MOD11A2.bandselect = select_bands(MOD11A2.cube, c("LST_DAY","LST_NIGHT"))
MOD11A2.daynight_difference = apply_pixel(MOD11A2.bandselect, "0.02*(LST_DAY-LST_NIGHT)",names = "LST_difference")
MOD11A2.reduce = reduce_time(MOD11A2.daynight_difference, "median(LST_difference)")
plot(MOD11A2.reduce, col=heat.colors, key.pos=1)
The result is the median day night surface temperature difference for all pixels between Jan and December 2018. Notice that no data is actually read until we call plot()
, i.e. all operations again return proxy objects. Replacing the plot function with write_ncdf(MOD11A2.reduce, "test.nc")
would write the result as a NetCDF file to disk.
Operations on data cubes are designed such that they can be used with the pipe operator. The following code for example derives monthly differences of land surface temperature, from June to September 2018. The window_time
function here applies the simple time series kernel filter \(T_t - T_{t-1}\).

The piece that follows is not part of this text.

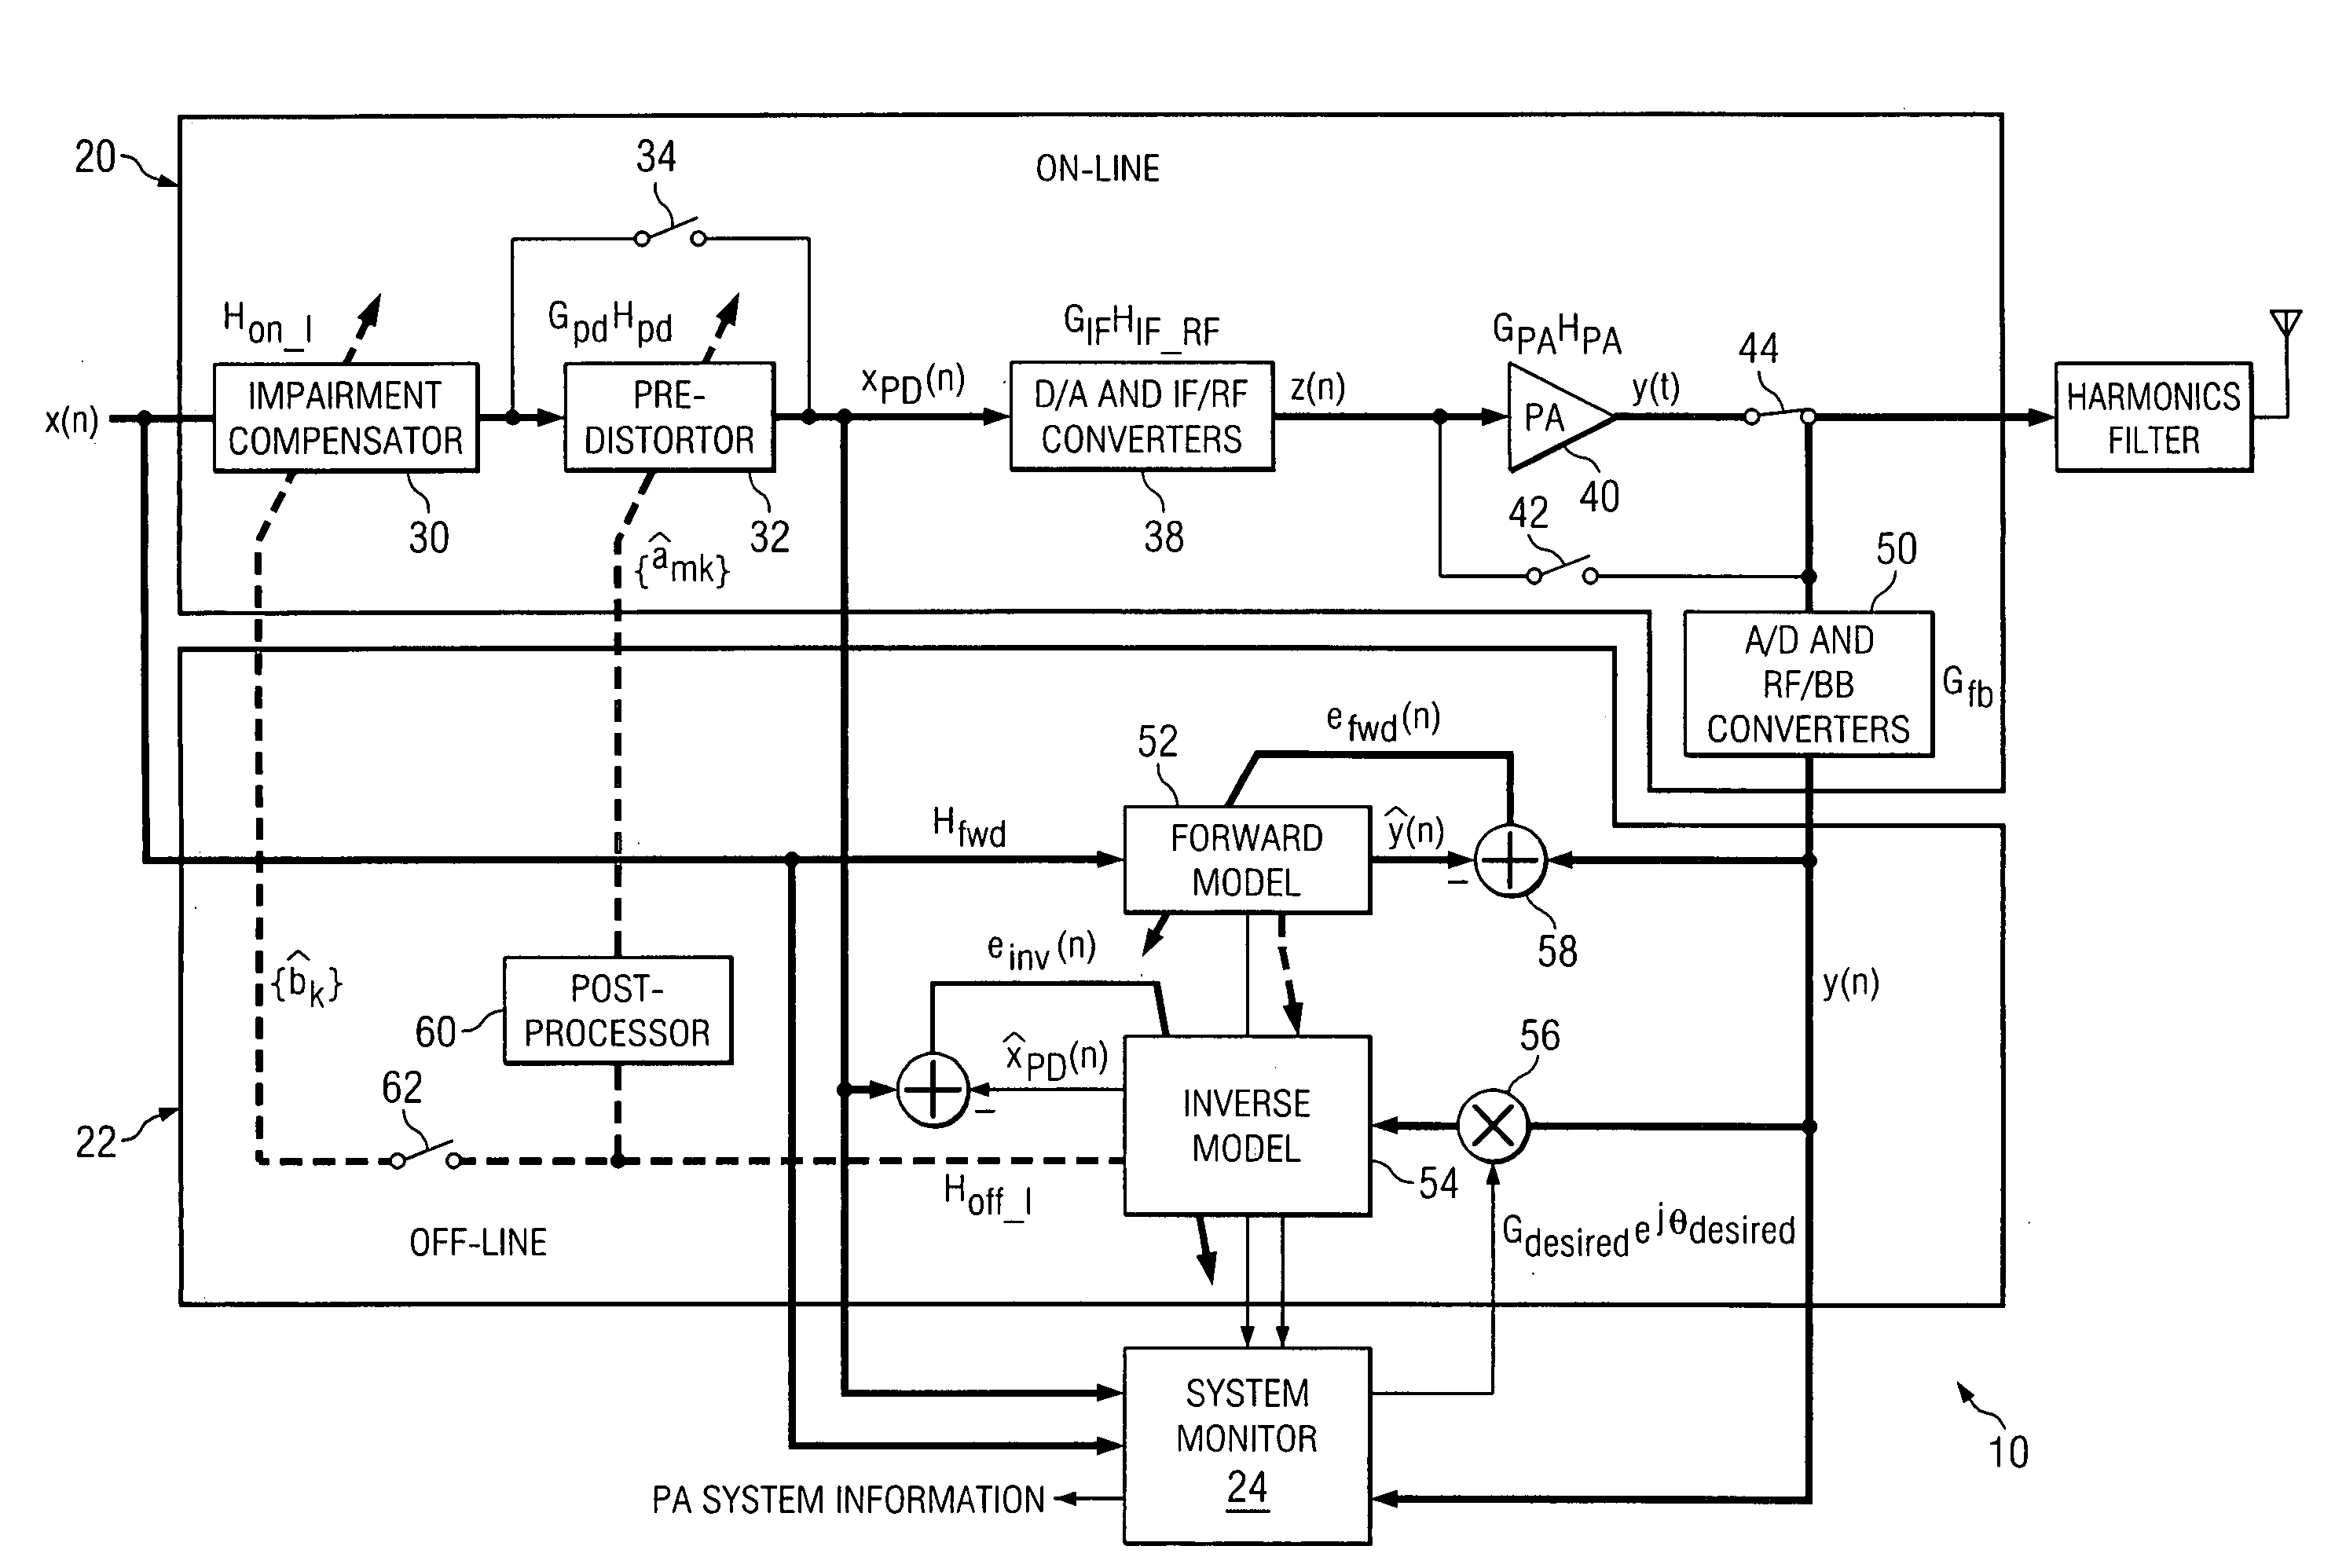 Performing remote power amplifier linearization

library(magrittr) # get the pipe
v1 = cube_view(view=v, extent=list(t0="2018-06", t1="2018-09"))
raster_cube(image_collection(img_col_file), v1) %>%
select_bands(c("LST_DAY")) %>%
apply_pixel("LST_DAY * 0.02") %>% # apply scale
window_time(kernel=c(-1,1), window=c(1,0)) %>%
plot(col=terrain.colors, key.pos=1, zlim=c(-25,25))
gdalcubes supports multithreaded evaluation of data cube operations. Calling gdalcubes_set_threads(n)
will tell all following data cube operations to use up to n
threads. Since worker threads are assigned to chunks of the data cube, the actual number of threads used is lower for cubes with less than n
chunks.
This vignette presents a very simple example with a small dataset. Future vignettes will focus on (i) how user-defined R functions can be applied on data cubes, (ii) how to process larger datasets (Sentinel 2) with overlapping images from different spatial reference systems, and (iii) how to run gdalcubes in the cloud.